Received October 6, 2004; Revised and Accepted November 1, 2004
Genome sequences provide a natural framework about which to organize biological data. In the few years in which they have been available, genome databases have proved invaluable resources to researchers. Ensembl provides one of the most popular sources of automatic analysis and integration of large genome sequence data. It now contains 16 genomes, 7 of which have been added during the last year. These include 11 vertebrates: human, chimpanzee, mouse, rat, dog, cow, chicken, fugu, zebrafish, tetraodon and frog; two worms: Caenorhabditis briggsae and Caenorhabditis elegans ; and three insects: fruitfly, mosquito and honeybee.
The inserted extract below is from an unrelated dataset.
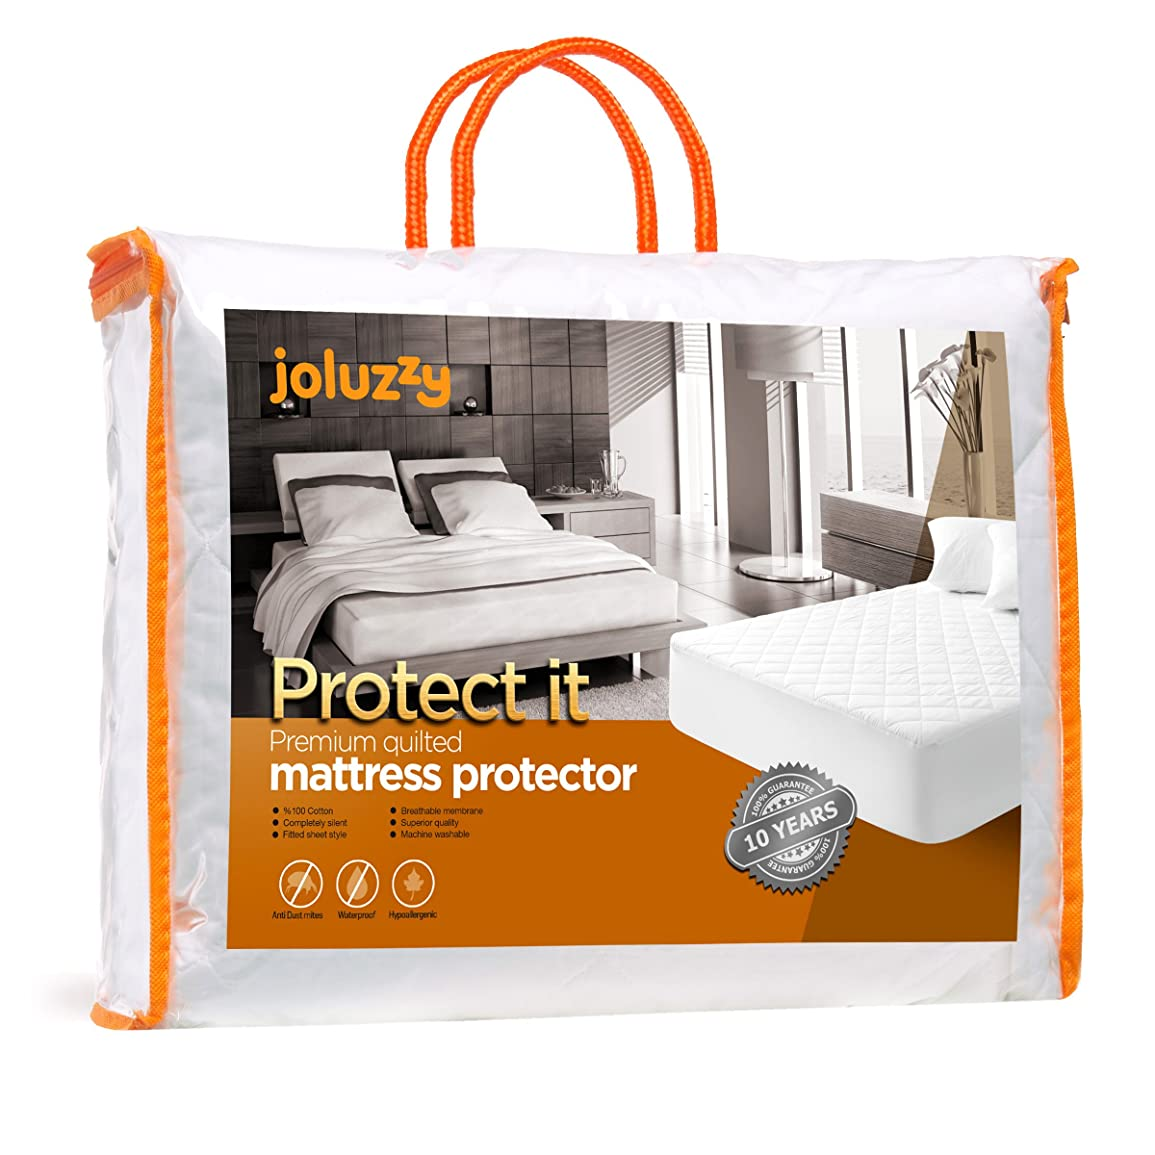 道を作る虐待アナウンサー(Twin) - Best Quality Quilted Waterproof Mattress Pad Twin Size By Joluzzy, Hypoallergenic Cotton Mattress Protector, Vinyl-free, 10-Year-Warranty

Ensembl provides access to these data in a variety of ways to suit different audiences and types of use. The largest number of researchers use the Ensembl website ( http://www.ensembl.org/ ) and can rapidly locate individual items of interest either by entering keywords or from the built-in sequence similarity search interface. For cases where researchers are working with large groups of items, such as all of a particular class of genes, Ensembl provides a web-based data-mining interface called EnsMart as an alternative to browsing individual web pages. For bioinformaticians, Ensembl provides access to all the data behind the Ensembl website both as downloadable datasets and via direct access to databases containing that data which are hosted on the Ensembl site (access using mysql to ensembldb.ensembl.org , user anonymous). The complete software system for manipulating and storing genome information that has been created by the project is also freely available with source code for all to use.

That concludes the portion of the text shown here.